→ WORK TO COMPLETE: Pictures stay out. Everything else in the listing below gets written out exactly.

START DATA SEGMENT

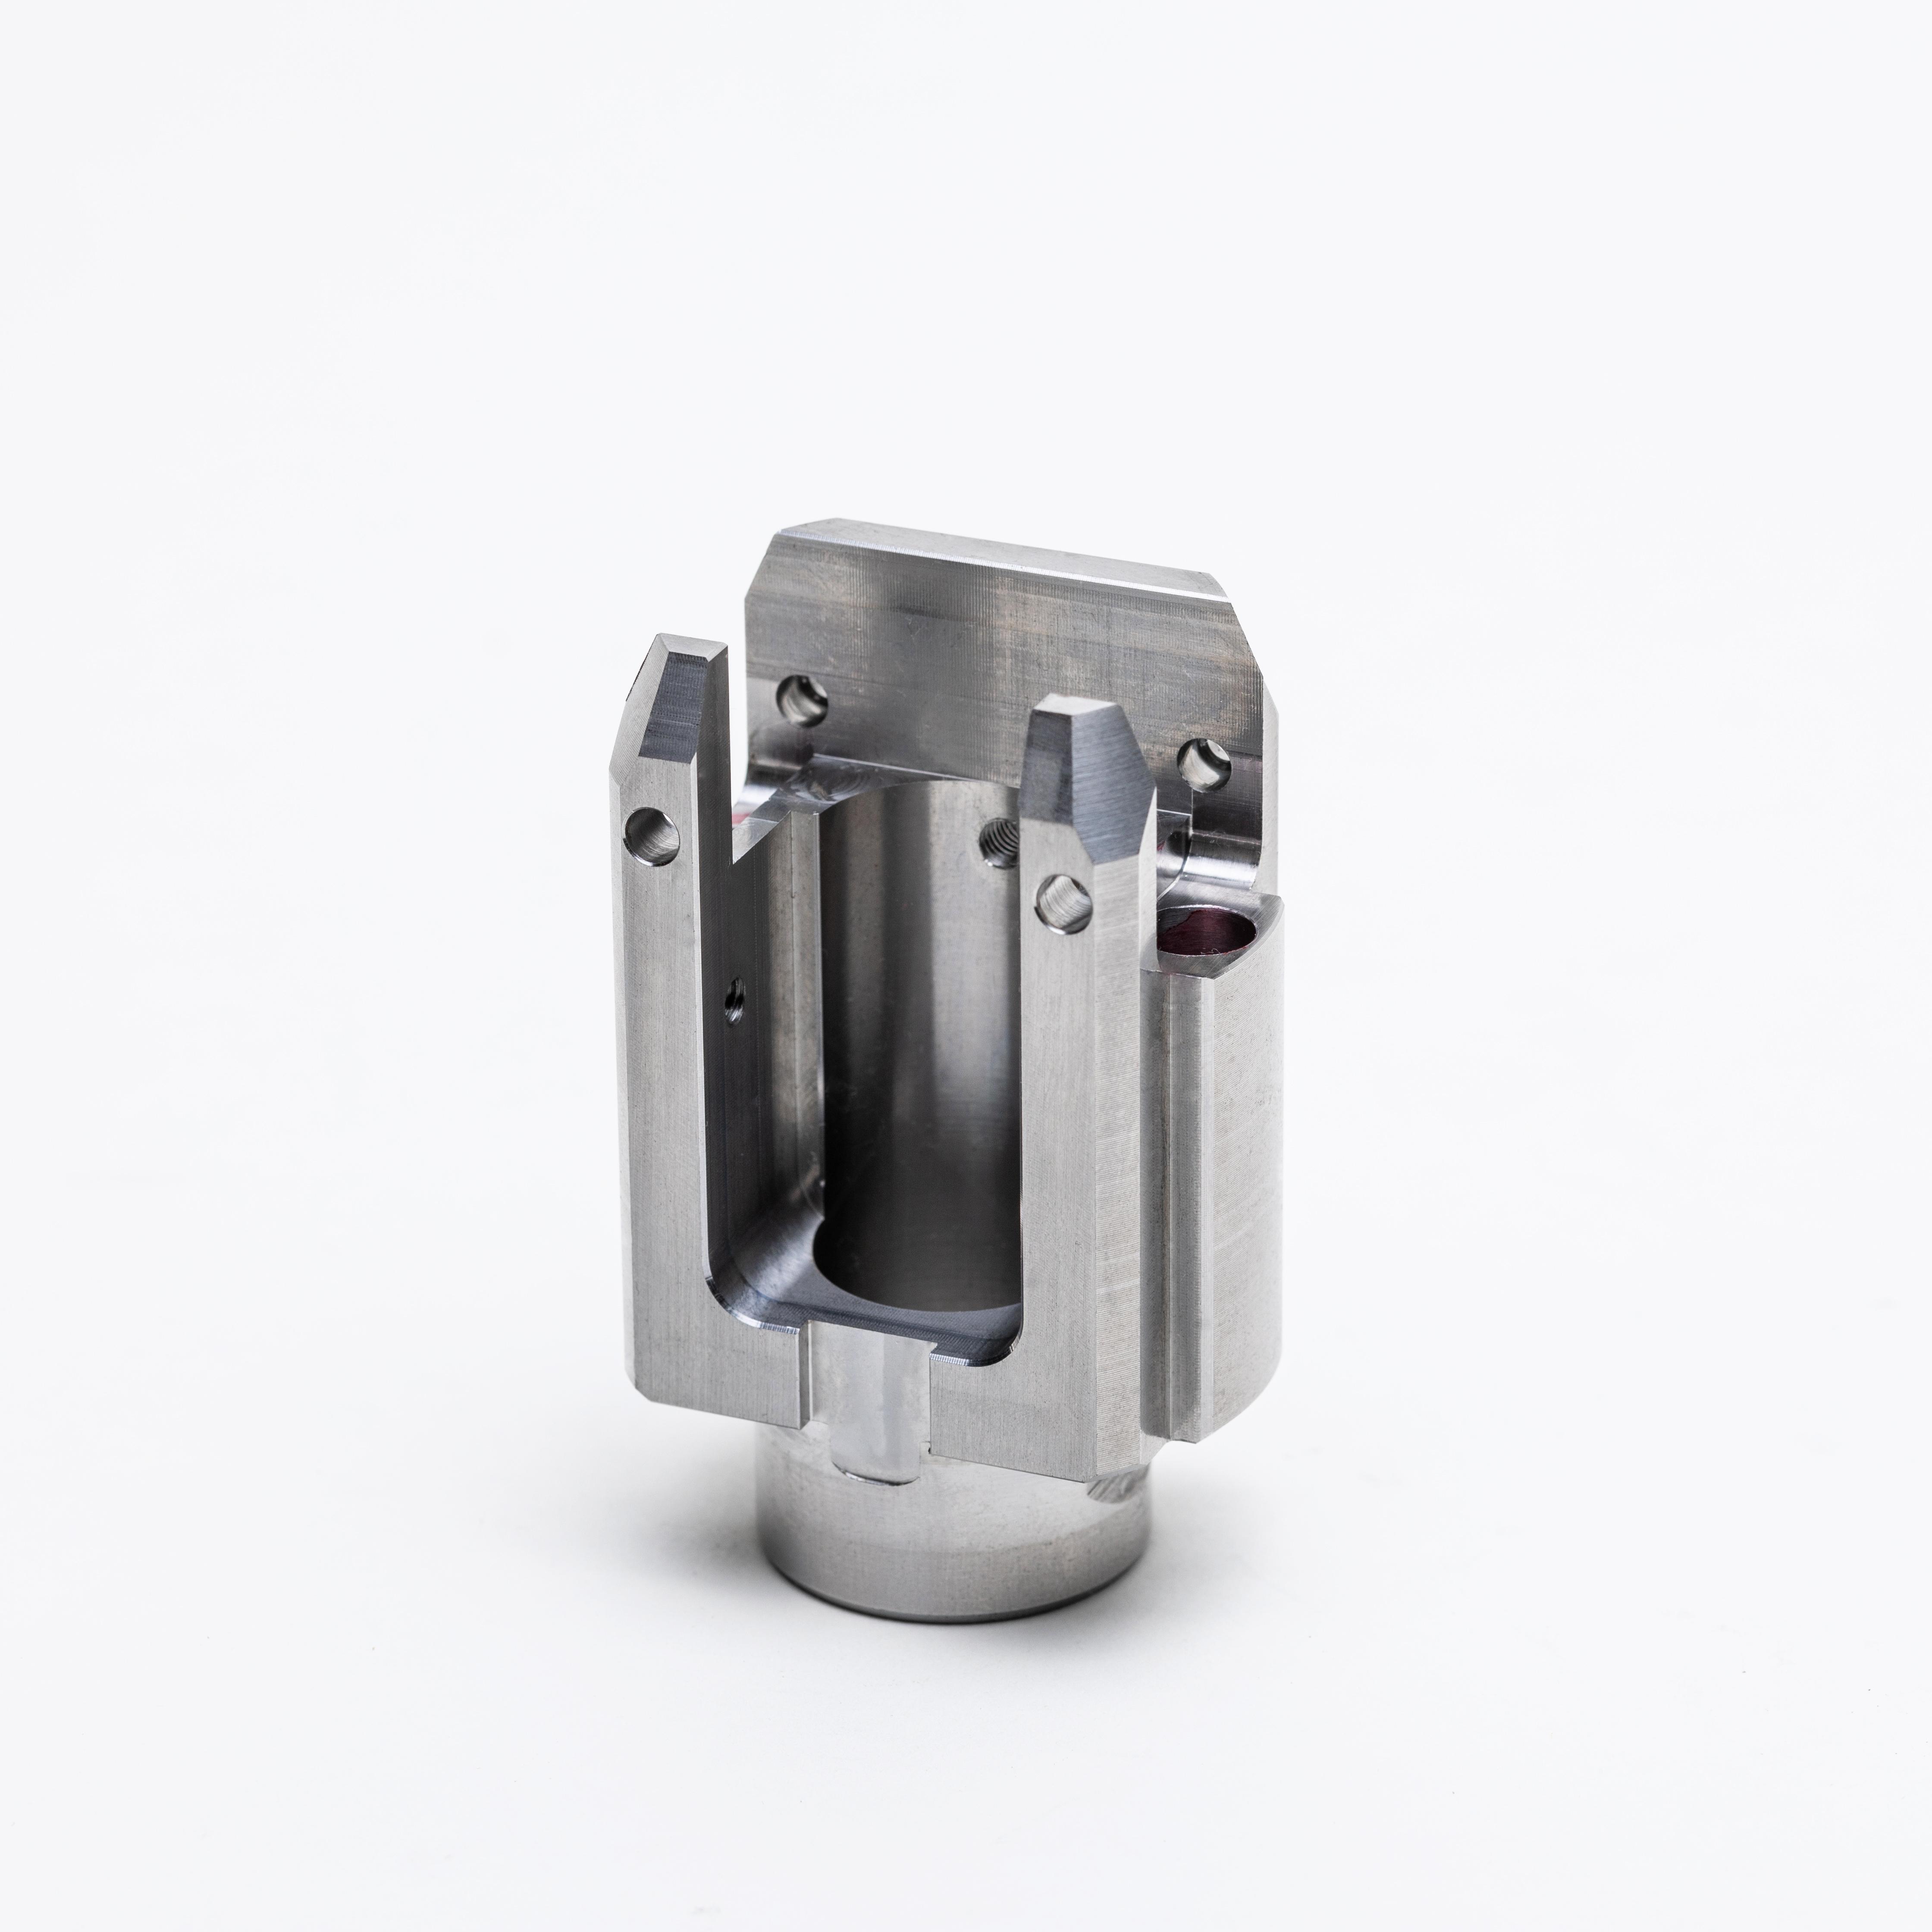 hofmann cnc technik traunstein robotik
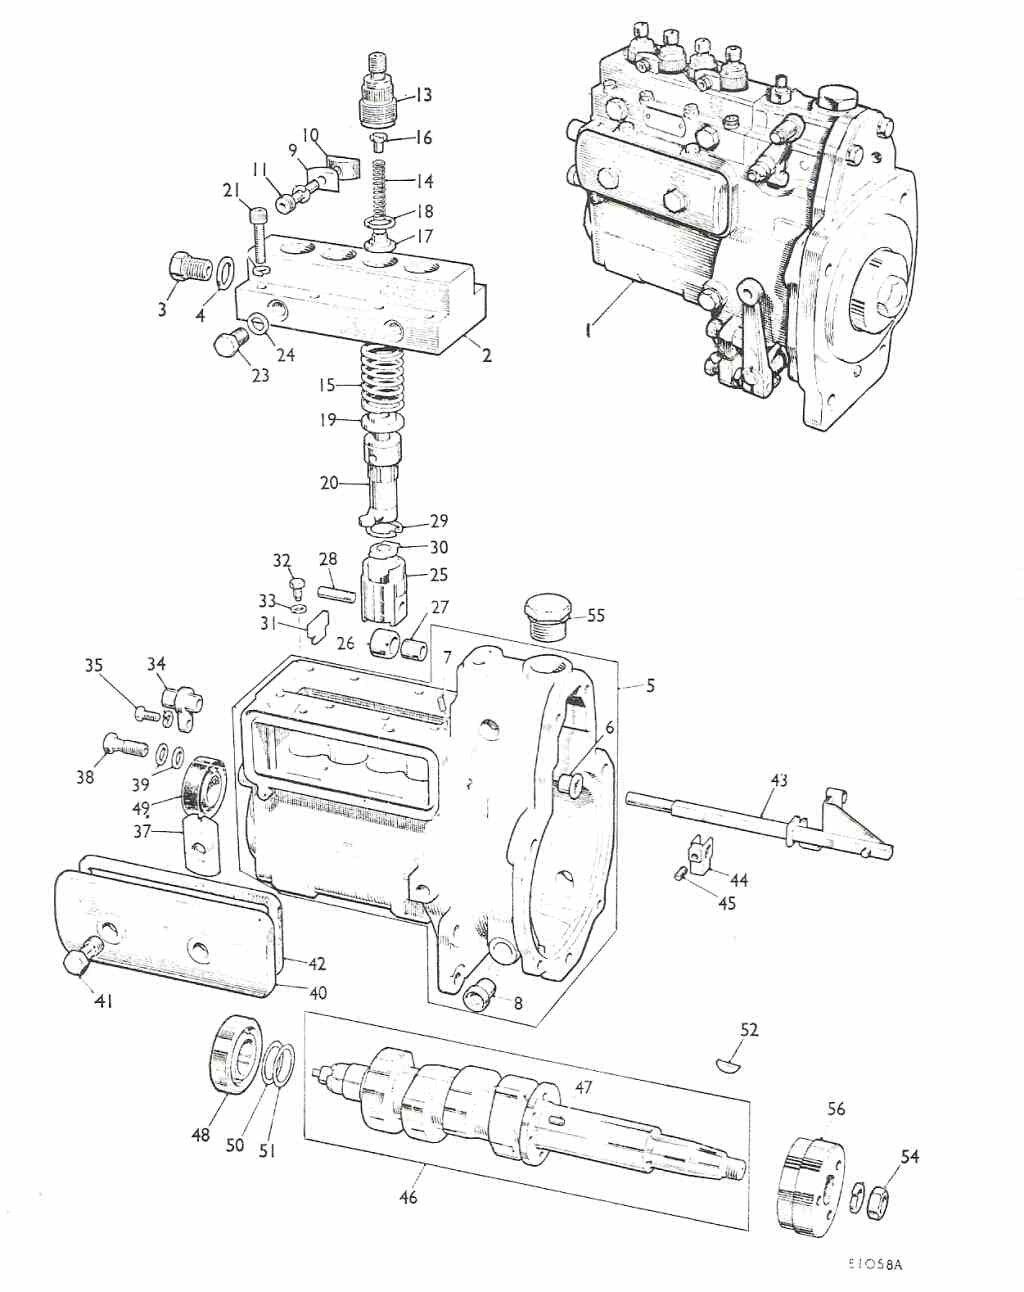 hight resolution of plunger and element for simms minimec pumps 8 0mm diesel zetor 5211 parts diagram zetor 3320 parts
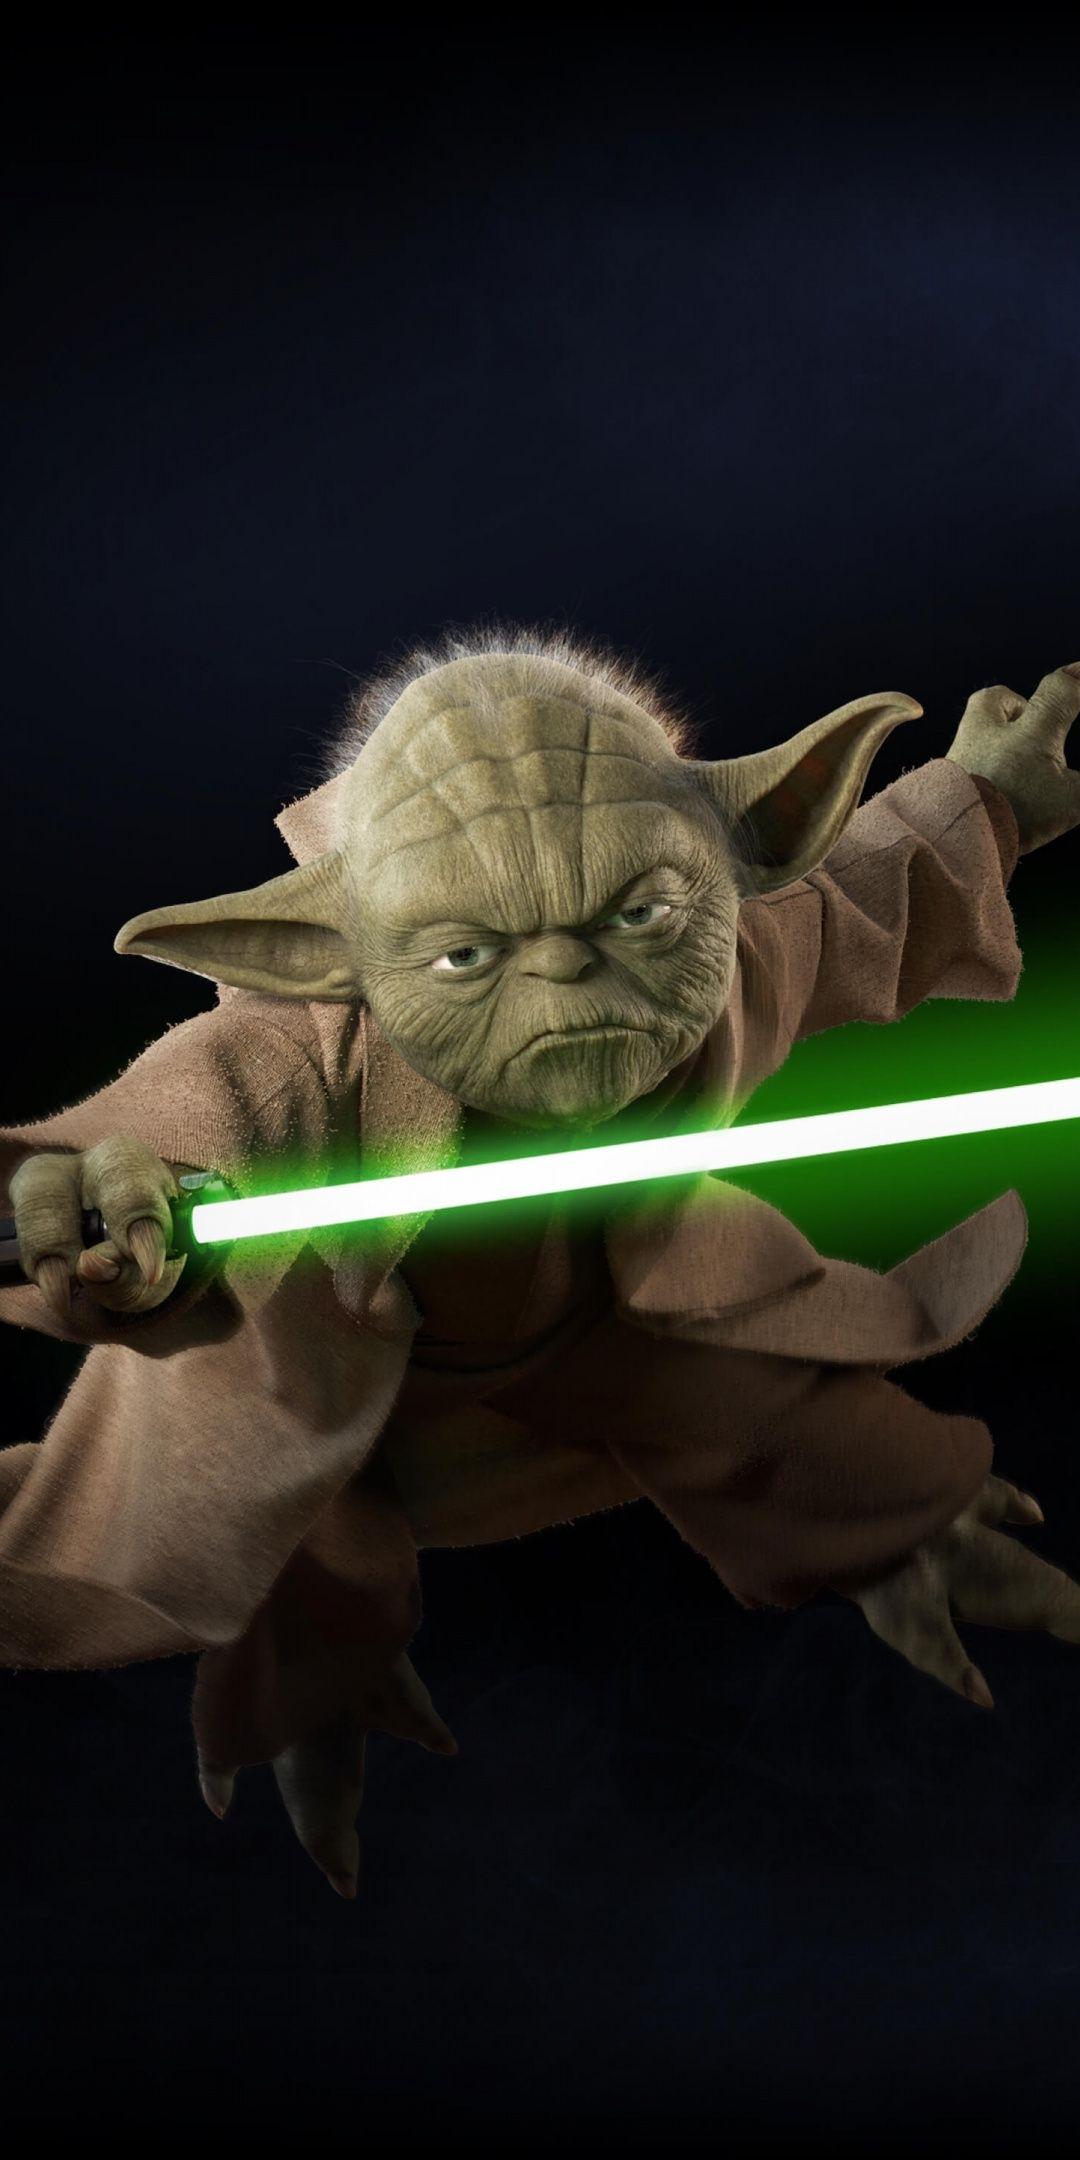 Yoda, Star Wars Battlefront II, video game, minimal
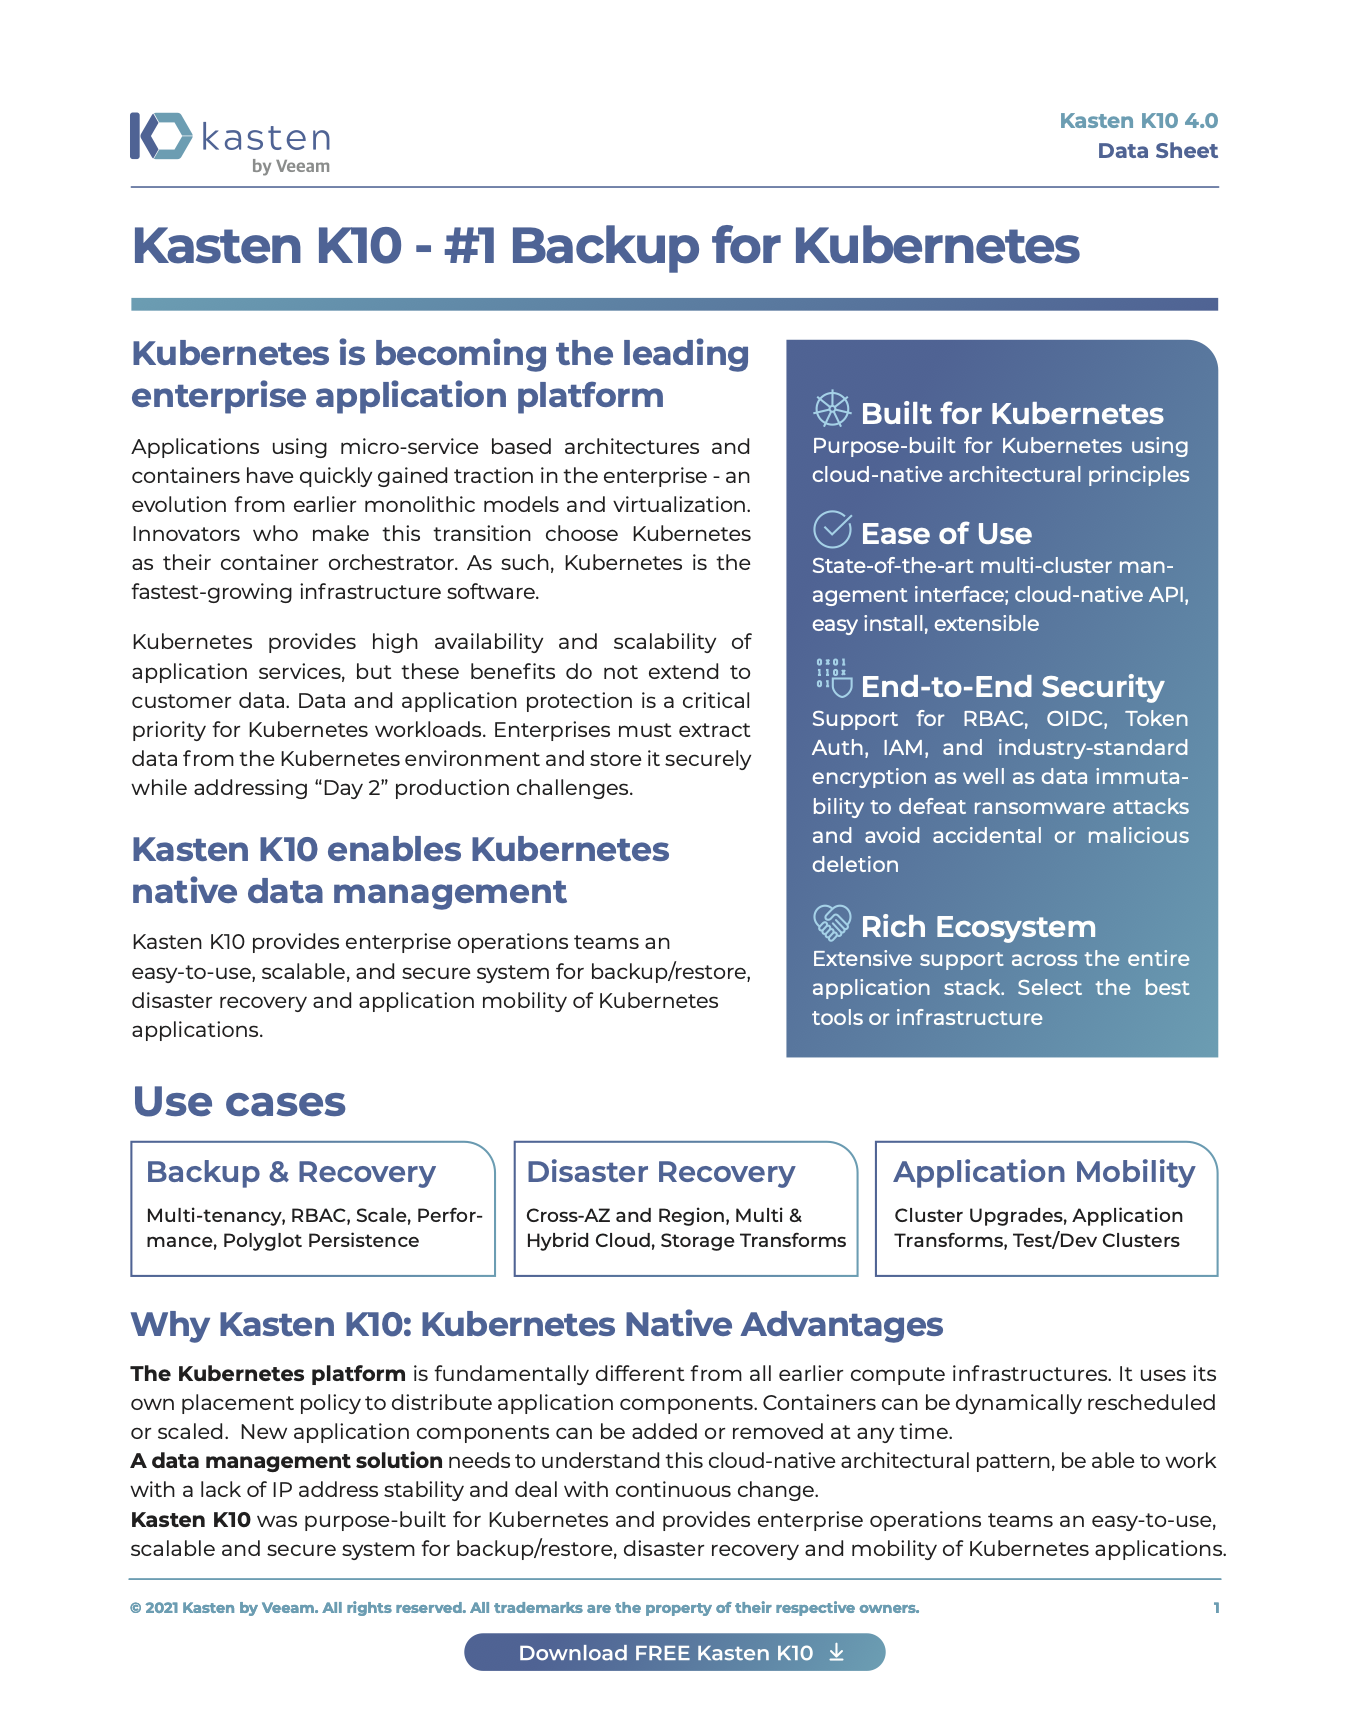 release 4.0 data sheet-thumbnail-resounrces-1

END DATA SEGMENT

→ ANSWER TO THIS TASK:
 hofmann cnc technik traunstein robotik
 hight resolution of plunger and element for simms minimec pumps 8 0mm diesel zetor 5211 parts diagram zetor 3320 parts
 Yoda, Star Wars Battlefront II, video game, minimal
 release 4.0 data sheet-thumbnail-resounrces-1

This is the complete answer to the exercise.